This behavior also somewhat contradicts the principles of building cloud-computing environments, since network performance issues can inhibit the ability to deliver the any-service-anywhere we expect from true cloud deployments. The same can be said about maintaining security policy and segmentation between cloud tenants or accelerating client-server application traffic throughout virtual server mobility events.
It is clear that a new concept in infrastructure service delivery needs to be created, but do we really need to completely "reinvent the wheel"?
Not necessarily. We all have grown to trust the virtual switching currently happening in the Hypervisor Layer. We also know that having virtual machine mobility does not impair our ability to carry its network connectivity properties, such as for example VLAN assignment, from source to destination physical server. This is seamlessly done by the distributed virtual switch, which is either embedded in the hypervisor or installed on top of it.
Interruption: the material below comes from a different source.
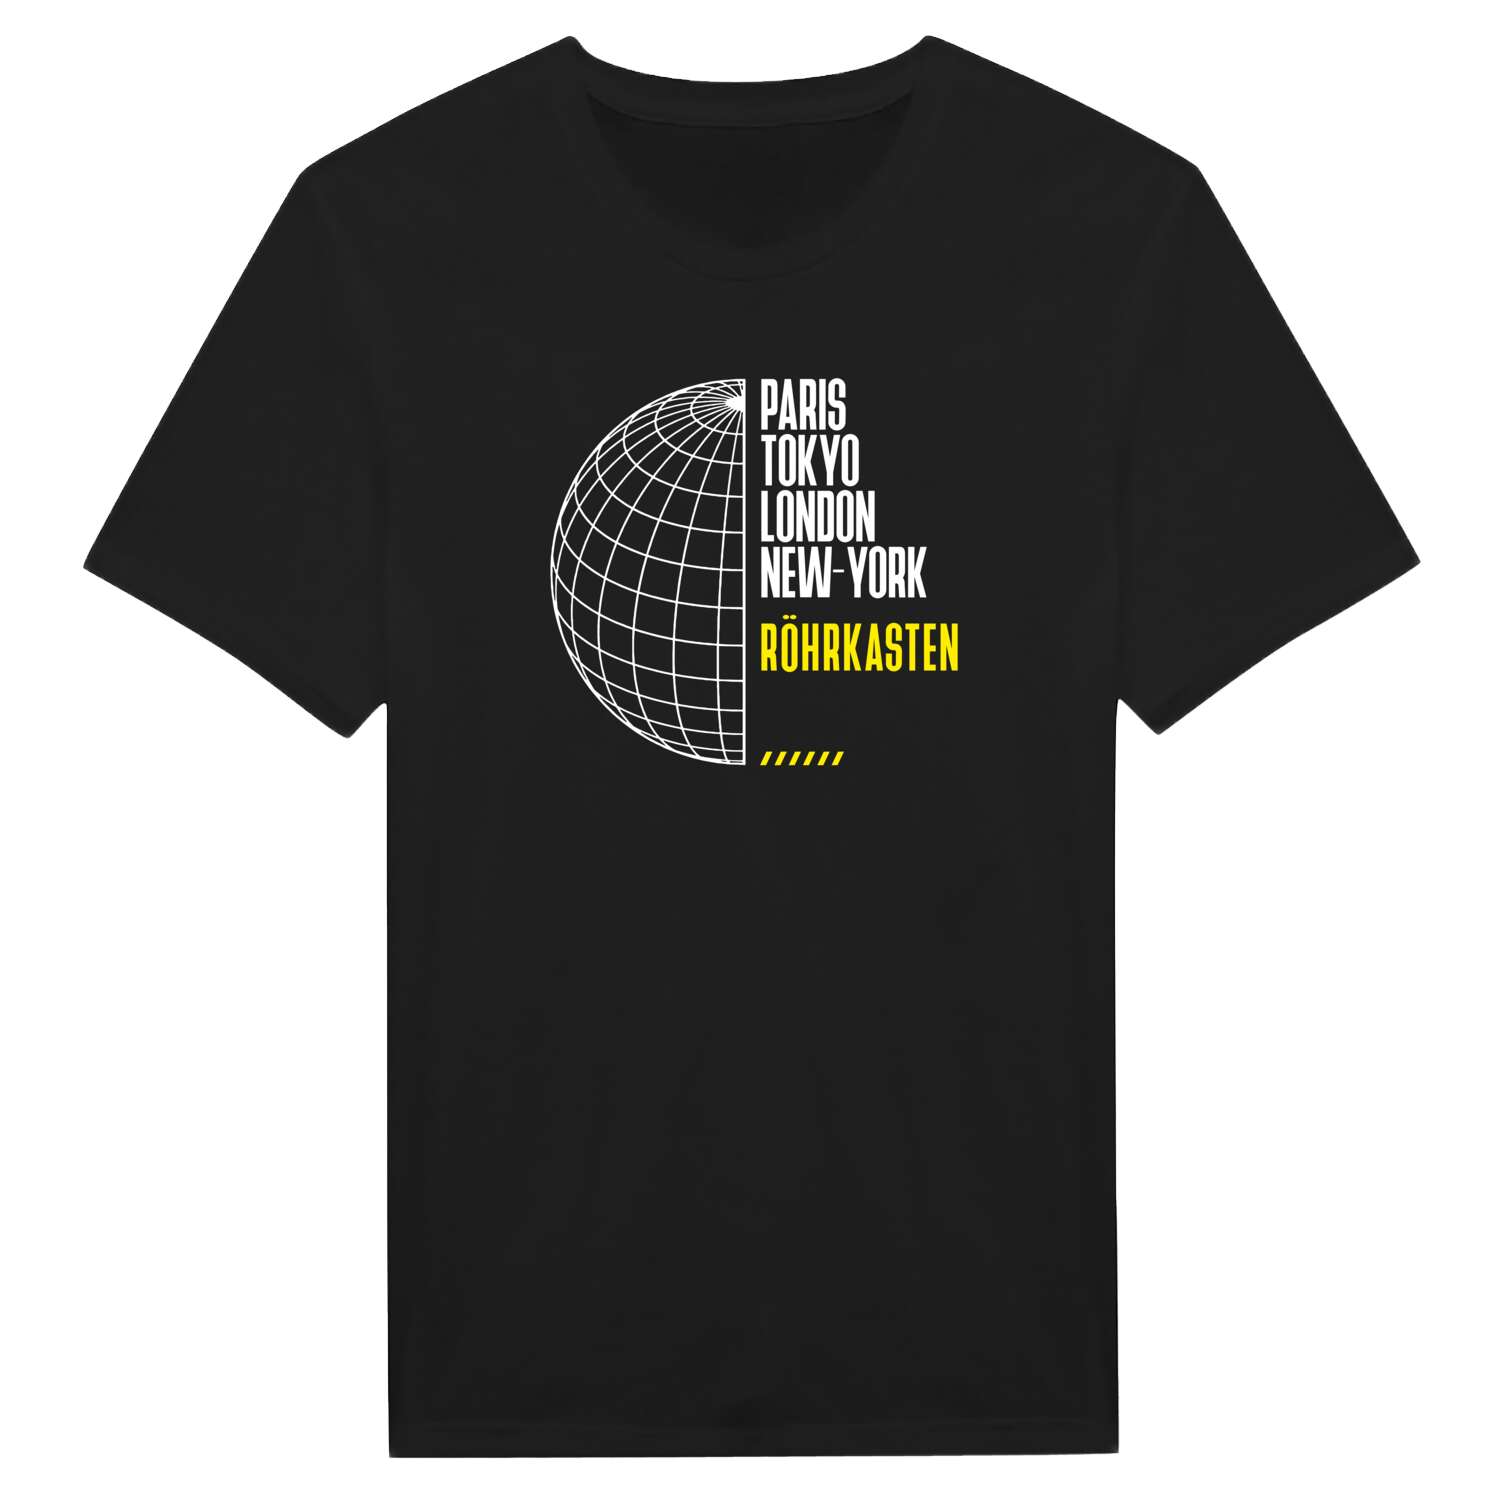 Röhrkasten T-Shirt »Paris Tokyo London«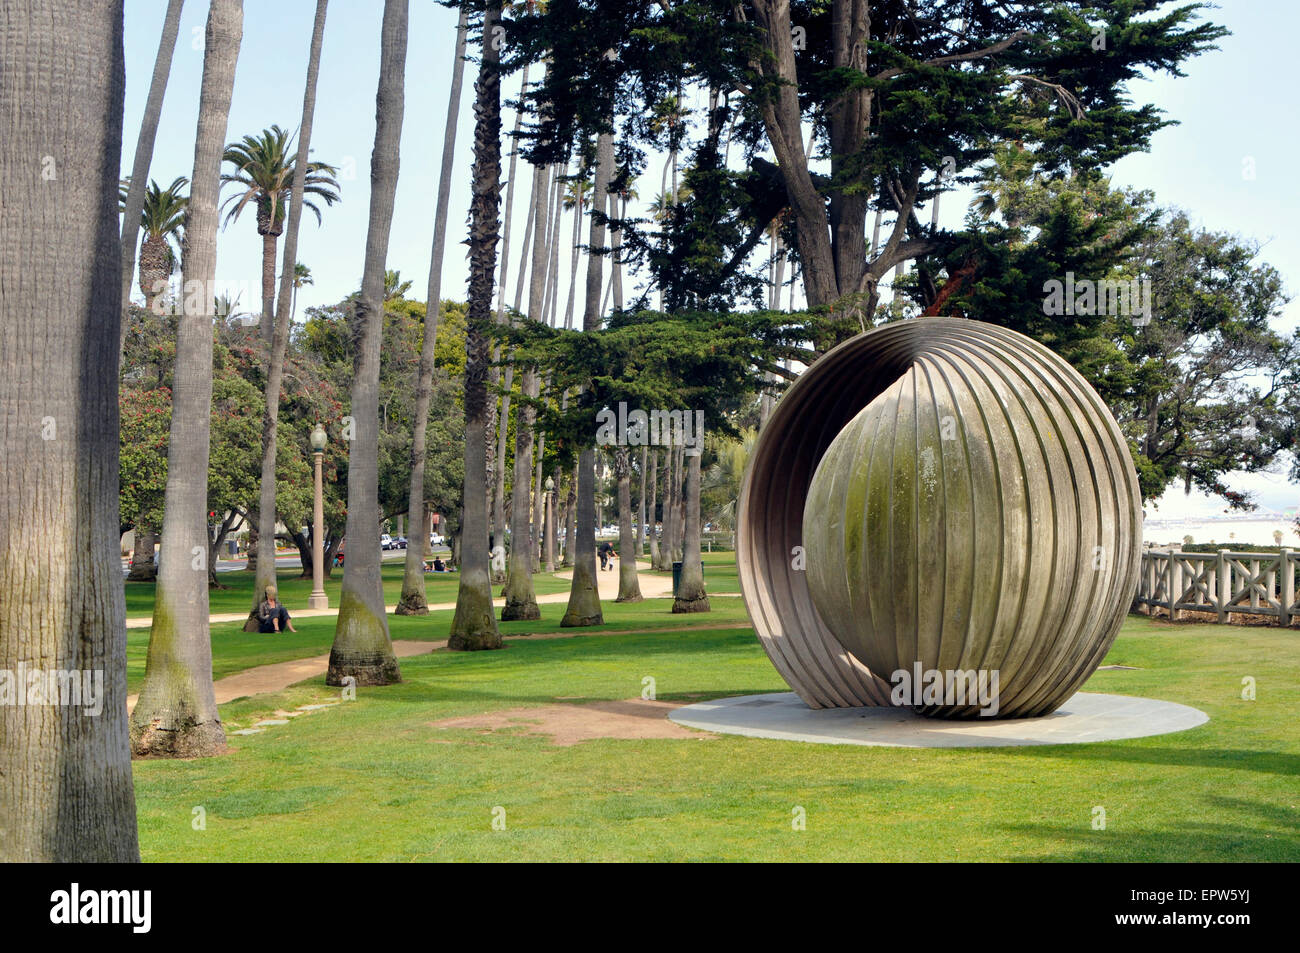 Santa Monica, 25 acri in Palisades Park, scultura "gestazione' Foto Stock

Now, what if we could make our stateful service appliances behave in the similar way by "following" the virtual machine as it moves around, rather than staying still and expecting virtual machine or, more precisely, the network in between, to deliver the traffic in a "fan-out" fashion?
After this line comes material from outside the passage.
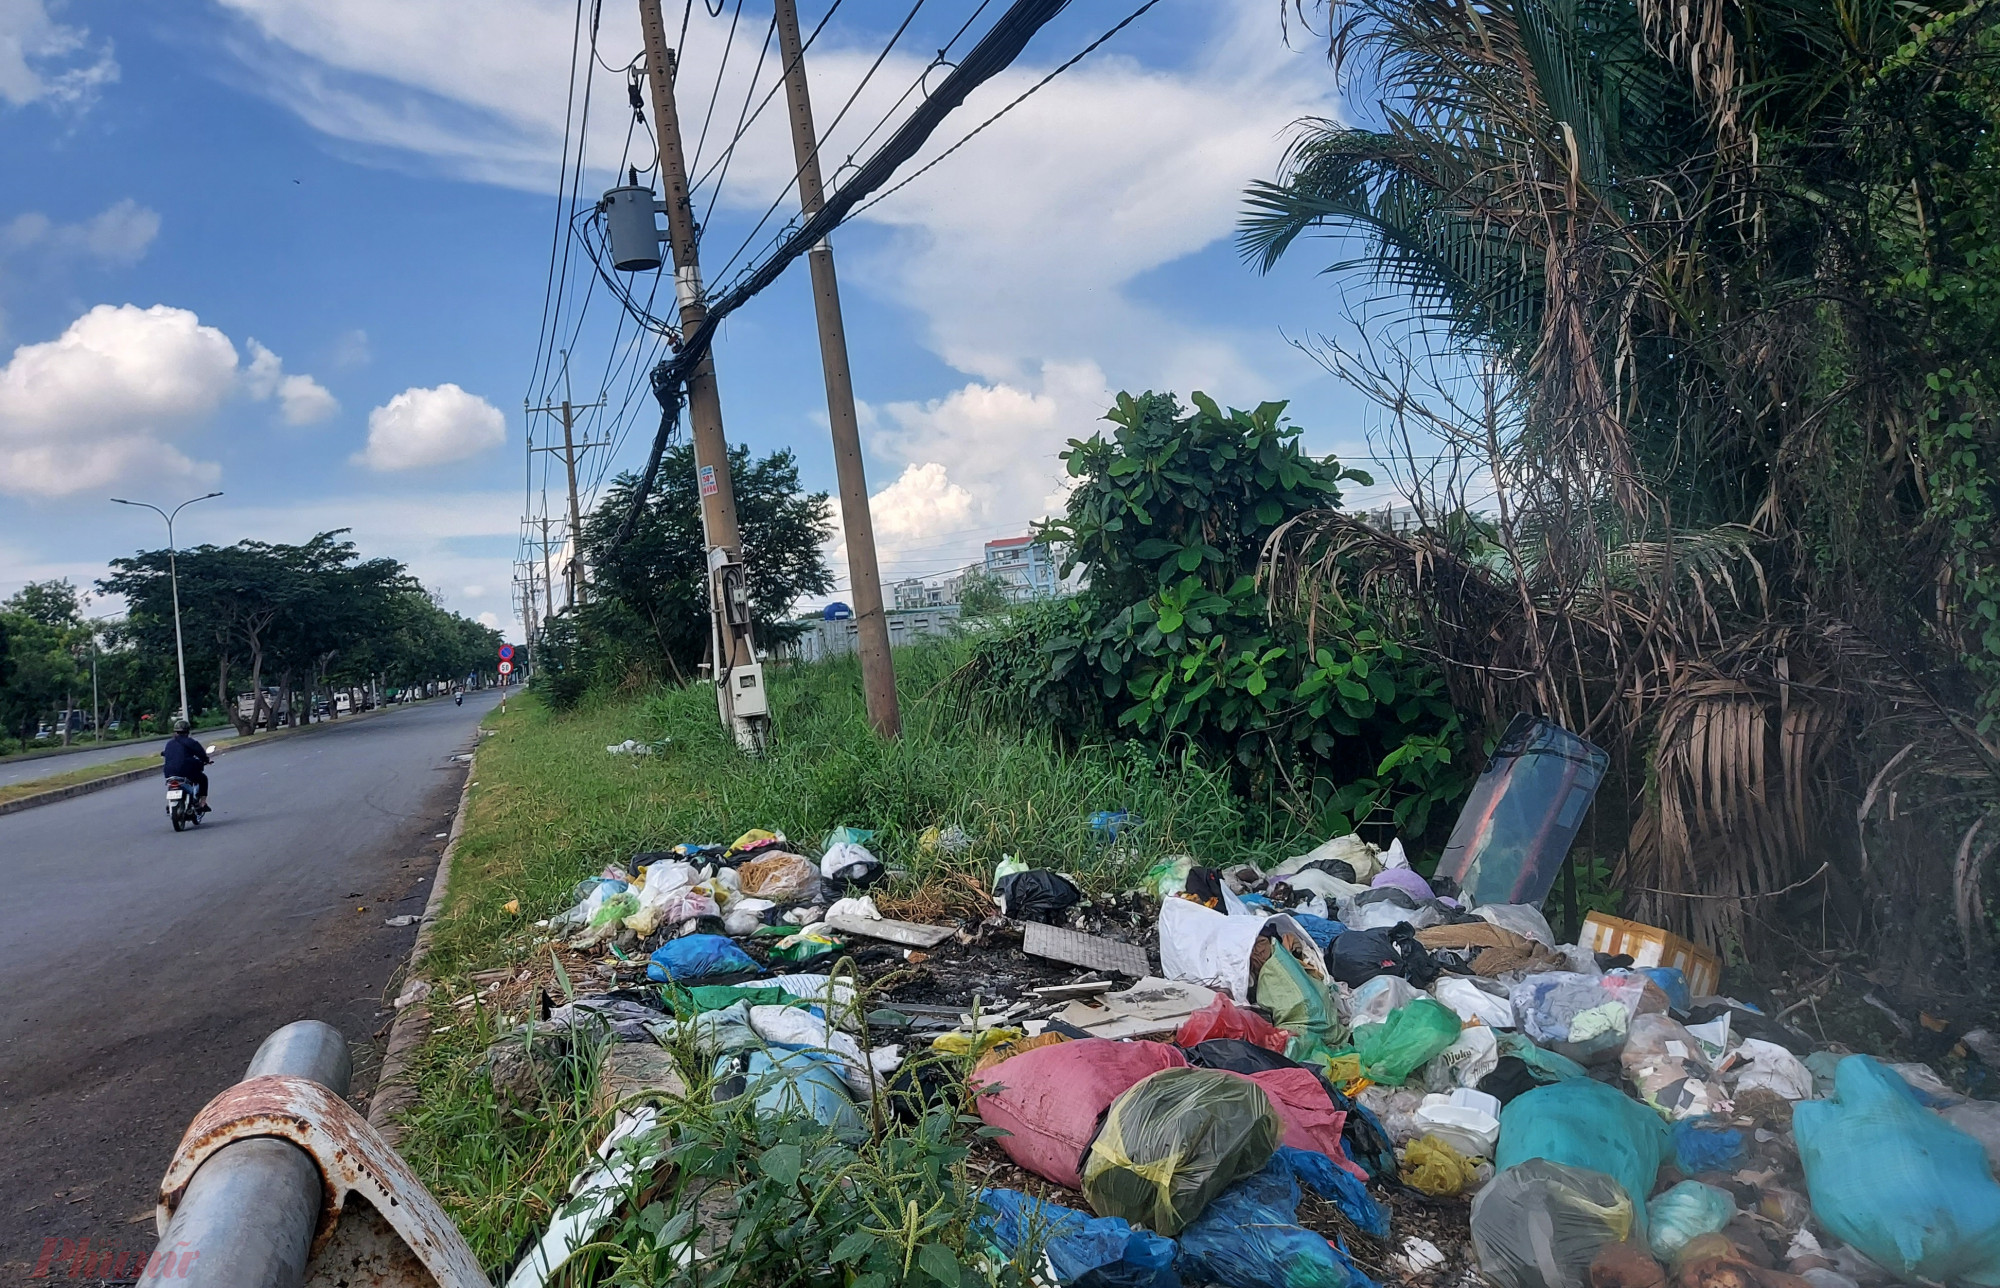 Trên đường Nguyễn Văn Linh (từ quận 7 về huyện Bình Chánh, TP.HCM), người đi đường có thể dễ dàng bắt gặp vài chục đống rác lớn nhỏ bốc mùi hôi nồng nặc.

This is exactly what conceptually happens with virtualized service appliances. Technically, traffic still gets forwarded from the virtual servers to the virtual service appliances, however all of this is seamlessly done on the hypervisor level by the virtual service appliances themselves, once they have been set up. The outside data center fabric is no longer tasked with keeping traffic symmetry, security segmentation and policy enforcement or application acceleration. Sweet.
Virtual service appliances run on top of the hypervisor and work in tandem with distributed virtual switches to make sure that services are applied to the virtual machine wherever it goes in consistent fashion.
As cloud computing is gaining more traction in the service provider and enterprise space, so does the evolution of virtual service appliances and hypervisor delivered services. Some are still skeptical about how well do those platforms perform compared to hardware appliances and although such concerns are not entirely unsubstantiated, the advantages of flexibility and adaptability cannot be underestimated. Keep your eyes open for things to come.